Posted on Mar 21, 2022 7:30 AM

You stated you booted from an external disk, if that disk is an HDD and not an SSD it will be significantly slower. Are you running Mac OS X Sierra on the internal disk? Dual booting from the external disk for Monterey? Monterey is a bit slower on 2015 MacBook Pros but it sounds more like booting off an external HDD is slowing you down considerably. Yes, running Monterey will demand more of your hardware and can run slower than older operating system versions. It will install and it will run but it may not run nearly as fast as newer hardware. However, it should run rather well even on a 2015 Mac.


There is one Major Concern, do you have the Apple original internal SSD or did you upgrade to a 3rd party SSD? There have been significant issues with Monterey installing on 3rd party SSD's requiring the original Apple SSD in order to install necessary firmware updates so Monterey can fail to upgrade in those scenarios. If you can install the original Apple SSD internal disk, then upgrade to Monterey then swap the drive back to the 3rd party one and upgrade again, that seems to work for those impacted by this complication.


DO NOT UPGRADE TO MONTEREY DIRECTLY FROM SIERRA! That may result in catastrophic problems. That's several (five) operating systems old and making a leap skipping even one version of macOS is dangerous. You should make a full backup with Time Machine of the Sierra system and a full clone backup using SuperDuper or CCC - Carbon Copy Cloner to an external drive.
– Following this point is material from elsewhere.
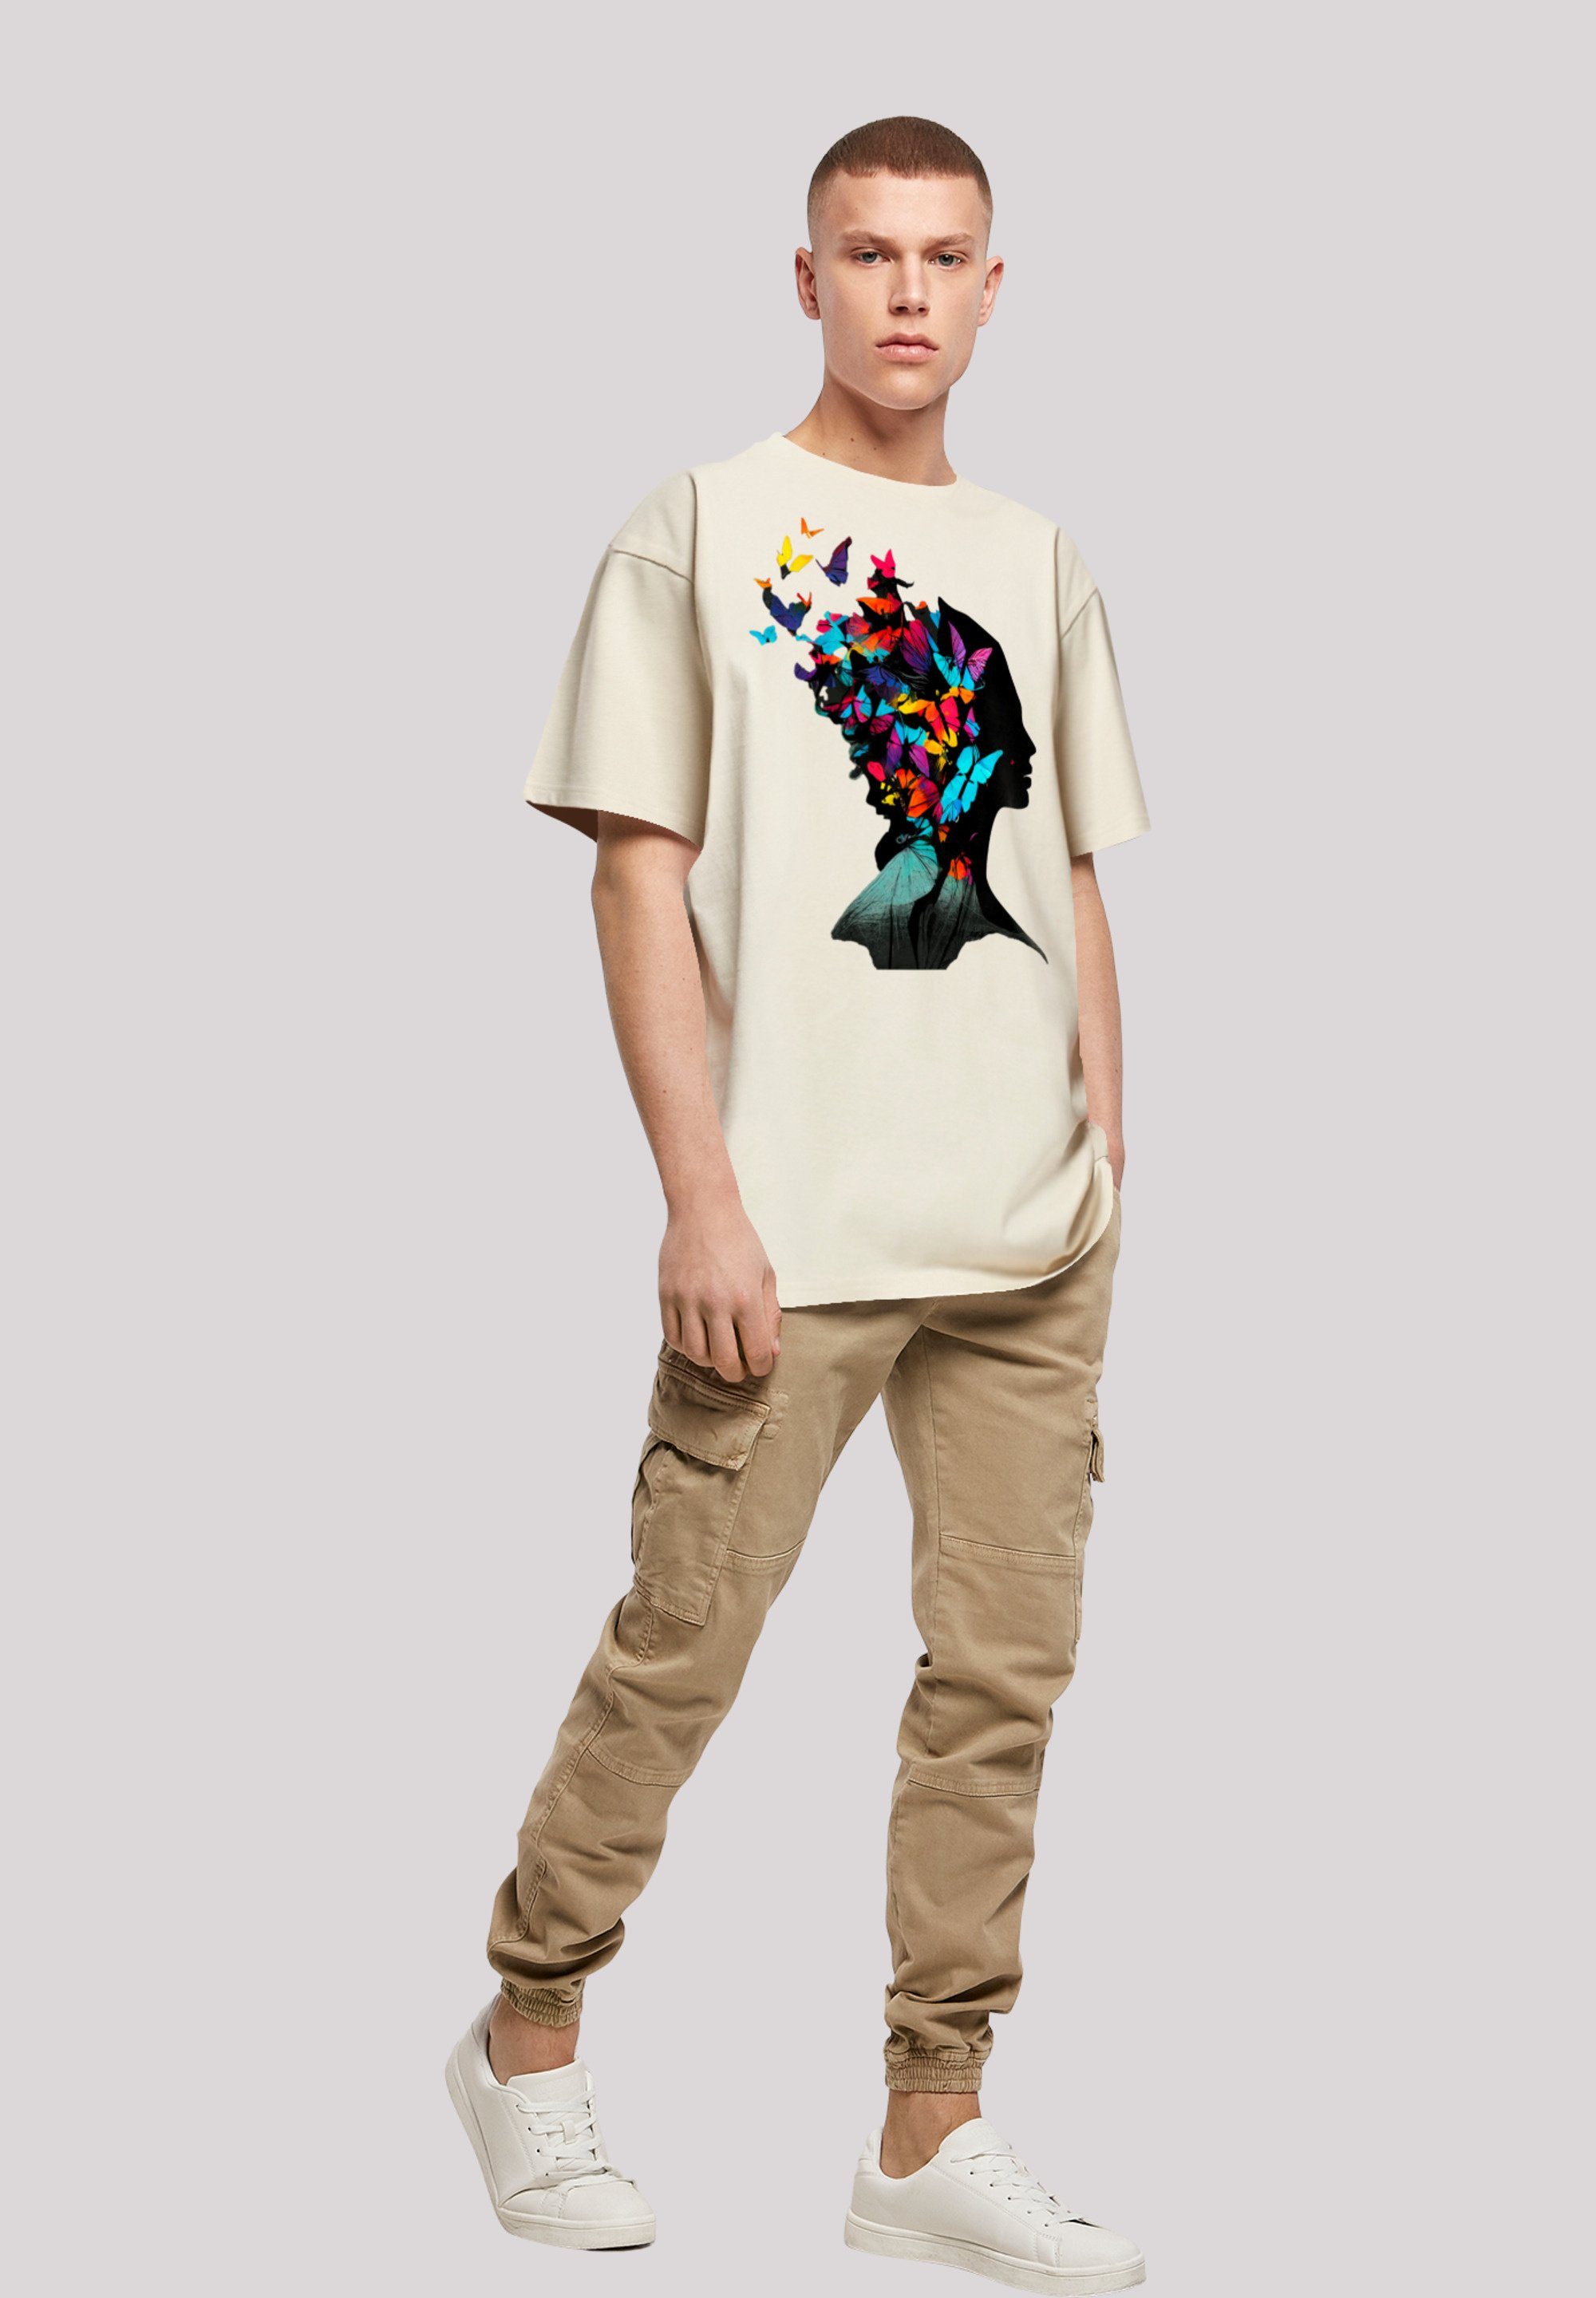 Schmetterling Print F4NT4STIC TEE Silhouette OVERSIZE sand T-Shirt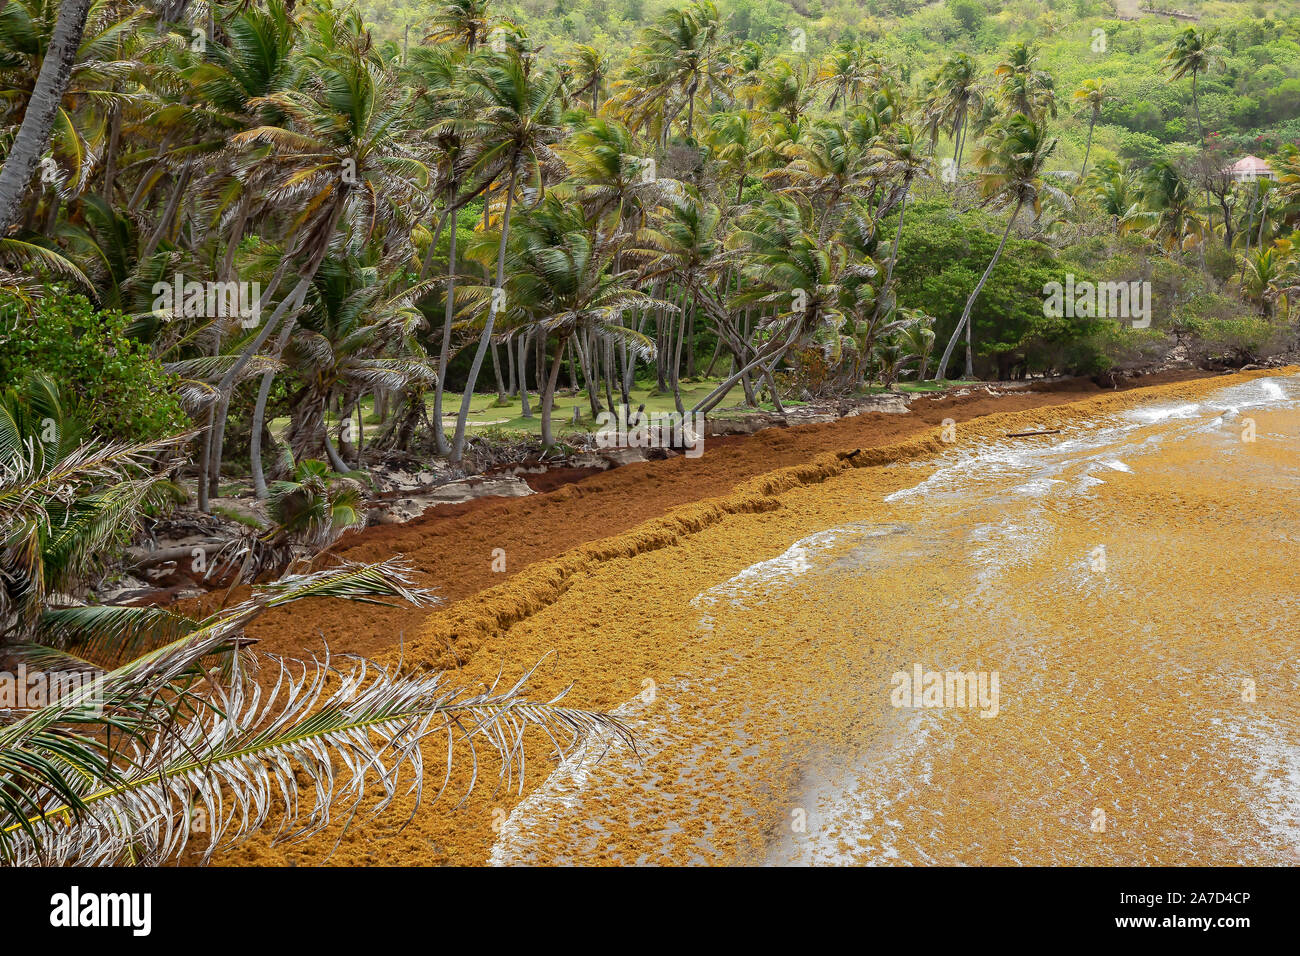 Sargassum seaweed covering a bay in Bequia island, St. Vincent and the Grenadines Stock Photo

Then proceed to upgrade from Sierra to High Sierra to Mojave to Catalina to Big Sur before attempting to upgrade to Monterey. You can obtain the installers for older macOS versions here: How to get old versions of macOS - Apple Support You should upgrade slowly, ensuring everything works after each upgrade, then making new backups before upgrading to the next subsequent release. If you run into problems you can restore a backup to the previous release. You should buy a few 16GB+ flash drives. Burn the current operating system version to one and the new operating system version to another. This will give you the option of booting easily into the prior release to wipe out and reinstall the previous macOS so you can restore your latest backup. Obviously, this will take time but you haven't been upgrading for 6 years. There have been massive changes to macOS that will break stuff if you make to large a leap, skipping operating system versions. Apple doesn't test upgrading from releases that old. 3rd party software such as security software will definitely cause problems. You should uninstall all of that stuff. Anti-virus, anti-malware, cleaner Apps, etc.


Many software developers and operating system vendors are starting to consider any software older than N-2 (current minus two years) to be beyond support. That means many macOS App developers won't support any macOS version that is more than 2 years old. If you do not keep up-to-date within 2 years of the current OS version not only will Apps cease to be updated or even available but you are not receiving operating system security fixes and that makes your computer vulnerable to being hacked.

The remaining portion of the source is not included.